As of 2025, the stablecoin market has seen phenomenal growth, with total market capitalization skyrocketing to $297 billion—up nearly 50% from $206 billion at the start of the year, according to data sourced from DeFiLlama. Stablecoins like PayPal’s PYUSD are leveraging yield incentives to attract users, while others, such as Ethena Lab’s USDe, offer high-risk returns in a bid for market competition.

The GENIUS Act, passed in mid-July, subjects these yield programs to enhanced scrutiny. Stablecoin issuers are now under pressure to identify alternative methods of delivering returns without violating the newly established regulations. “The GENIUS Act seeks to end the semantic games surrounding stablecoin yield,” explained Rebecca Liao, CEO of Saga. She noted that historic practices of labeling returns as “rewards” or “cashback” may soon be seen differently by regulators. “If it resembles interest, it will be treated as such,” she added.

Amidst these regulatory challenges, several companies are creatively circumventing the restrictions. For instance, some issuers are routing yield through partner banking institutions or utilizing sweep accounts, which allows them to stay clear of direct interest payments. Sid Sridhar, the founder of BIMA Labs, pointed out that rebranding yield-related rewards as “payment incentives” provides further leeway. An example includes PayPal’s PYUSD, which offers a 3.7% APR via Paxos, framed as a payment rather than interest.

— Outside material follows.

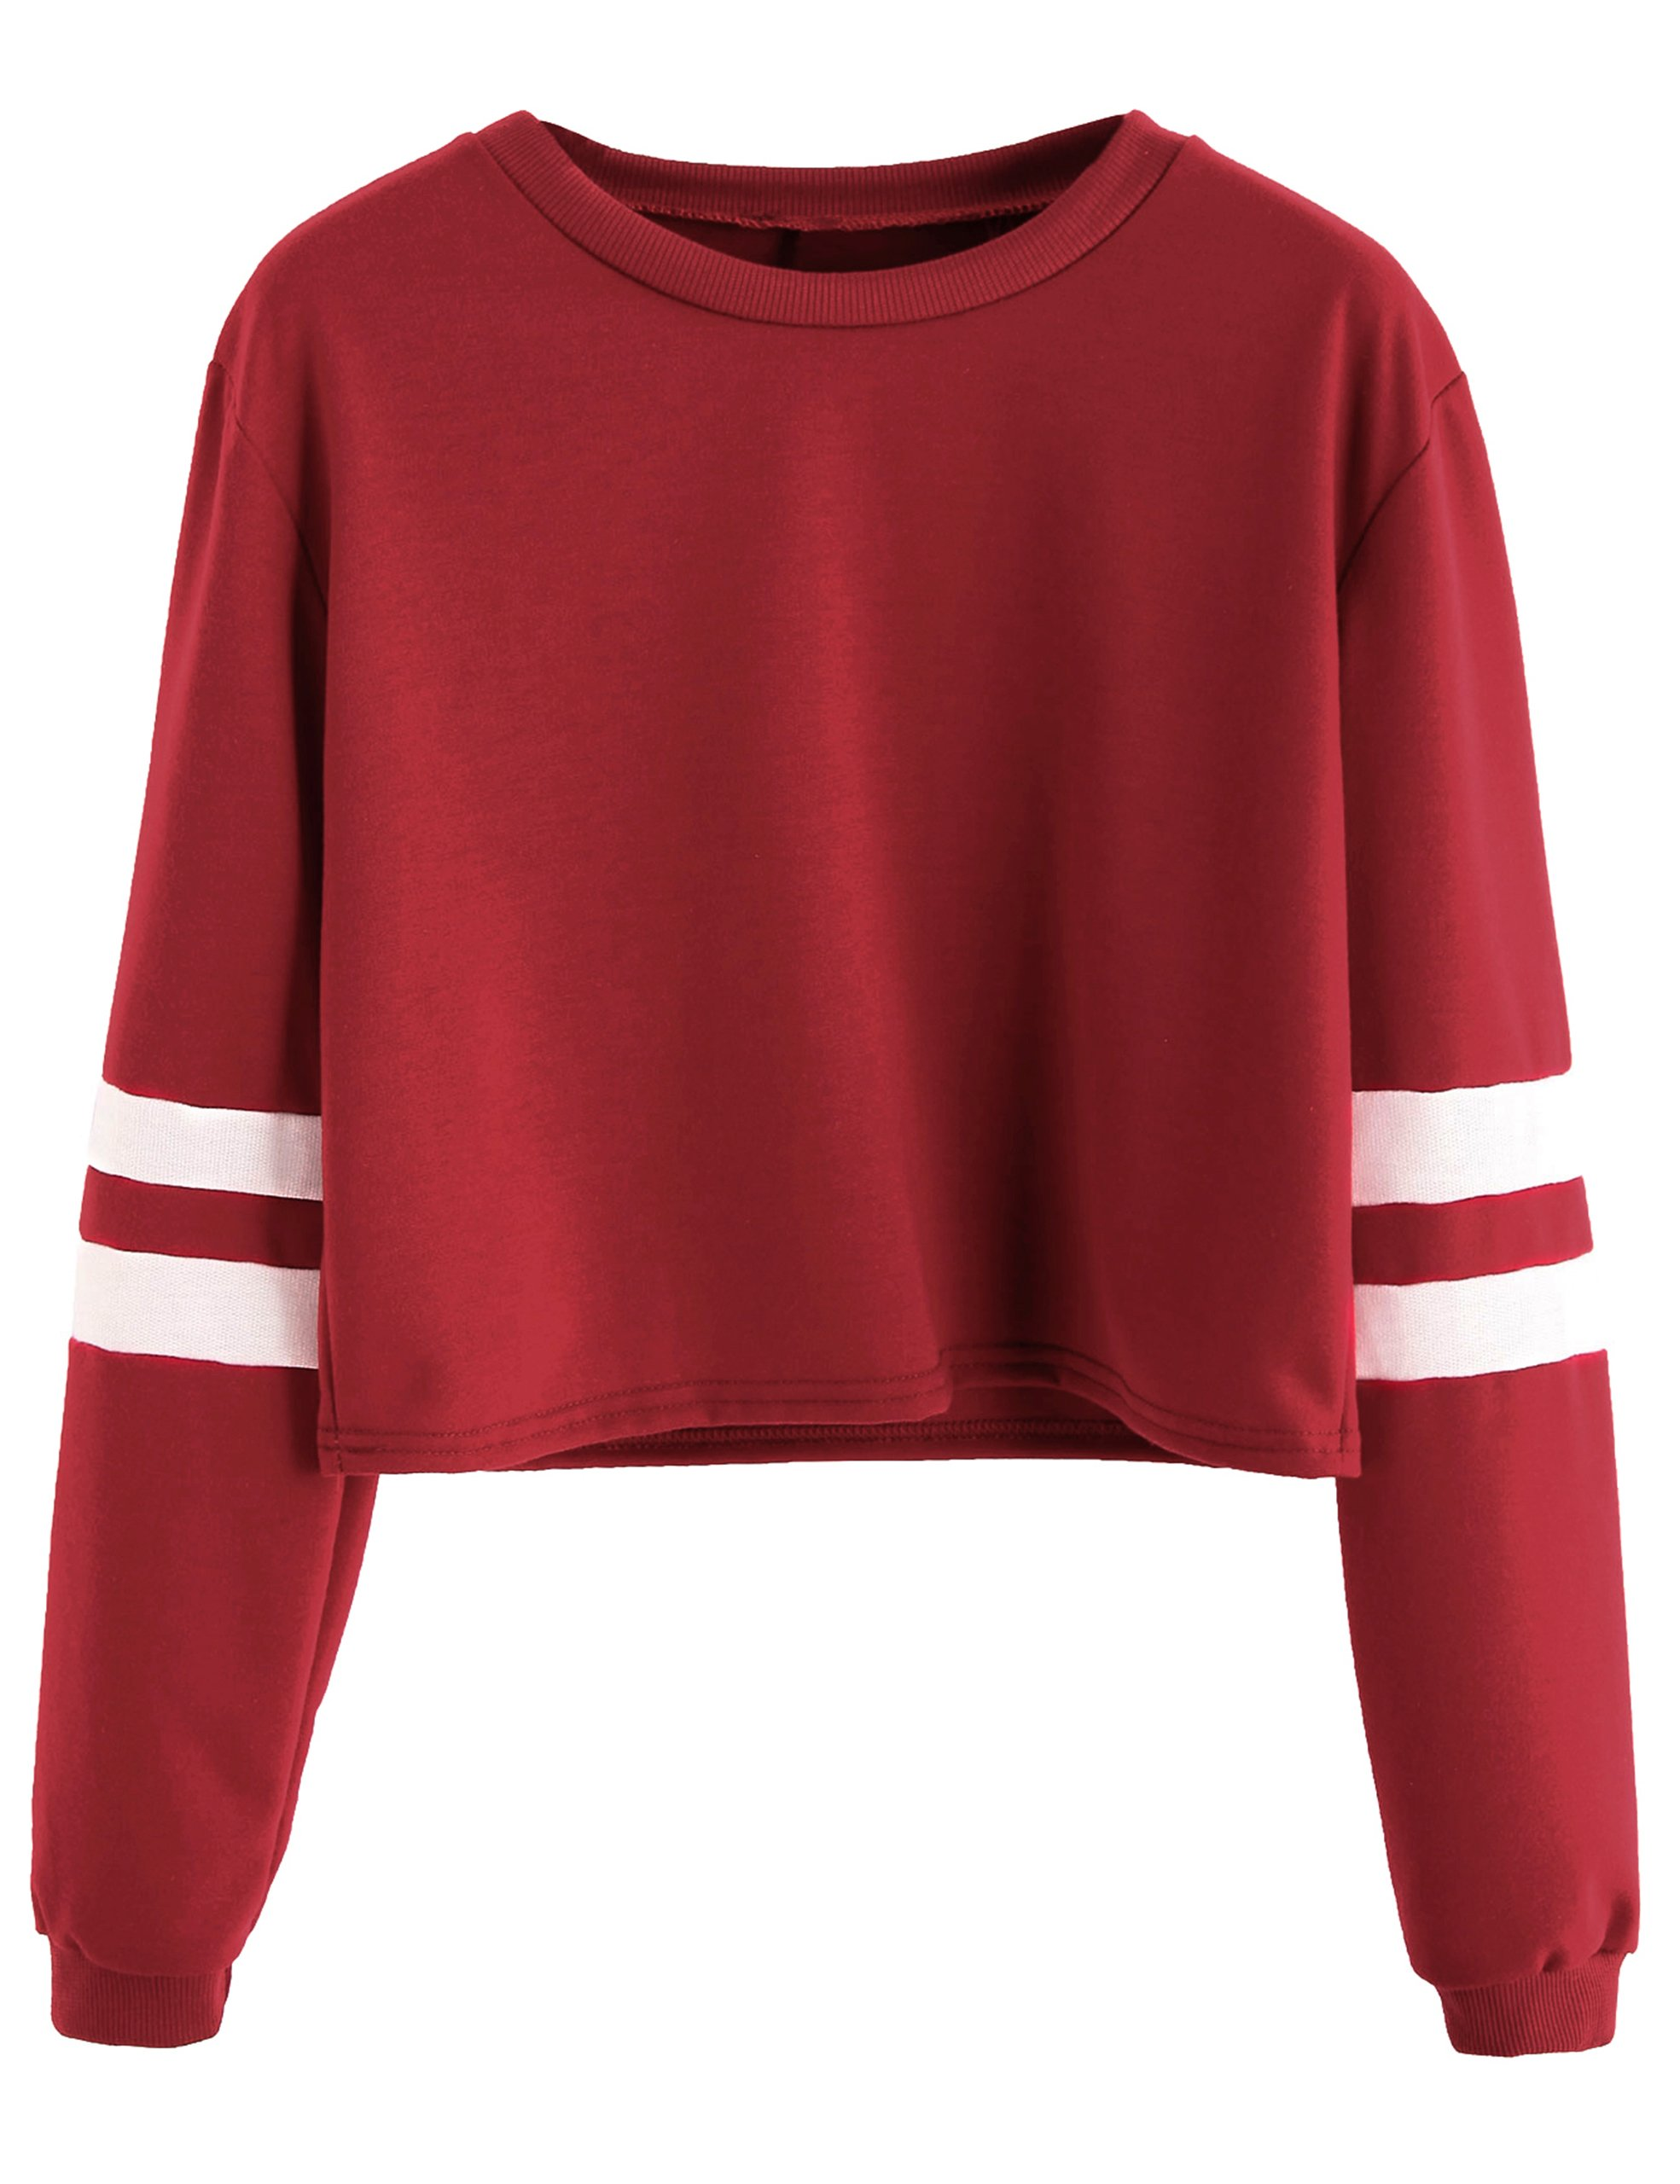 SweatyRocks Women's Striped Long Sleeve Crewneck Crop Top Sweatshirt Burgundy M

Hadley Stern, Chief Commercial Officer at Marinade, highlighted that this strategy could be seen as a legal workaround for the GENIUS Act. “Even though the law restricts issuers from providing direct yield, PayPal isn’t the issuer, categorizing payouts as wallet ‘rewards’ instead,” he stated. However, he cautioned that such strategies could face pushback, as banking lobbyists are increasingly advocating for tighter regulations to eliminate these avenues.

On the regulatory front, Eli Cohen, General Counsel at Centrifuge, suggested that existing partnerships between banks and brokerage firms to redirect cash deposits into interest-bearing funds shouldn’t be considered loopholes in service of yield. “Stablecoin issuers should similarly explore collaborations with providers that can offer yield for their deposits,” he maintained. Yet, he acknowledged the formidable influence of the banking lobby in Washington, which may hinder these initiatives.

As the GENIUS Act reshapes the stablecoin landscape, various companies are likely to find themselves on divergent paths. Mike Maloney, CEO of Incyt, predicted that Circle, which has prioritized compliance over yield programs, might emerge positively positioned due to its regulatory strategy. “While some major issuers face challenges to adapt, Circle’s focus on compliance sets it up well,” he noted.

In contrast, Tether might experience a contraction in its U.S. market access following scrutiny related to transparency, despite holding a balance sheet stature comparable to PayPal. Meanwhile, Ethena seeks to occupy the position left vacant by the 2022 failure of TerraUSD (UST), relying on DeFi’s global framework to offer yields without adhering to GENIUS guidelines.

As the regulatory environment continues to evolve, all eyes will be on how these stablecoin innovations fare against the backdrop of the GENIUS Act and whether they can secure sustained returns for users while navigating the complex legal landscape.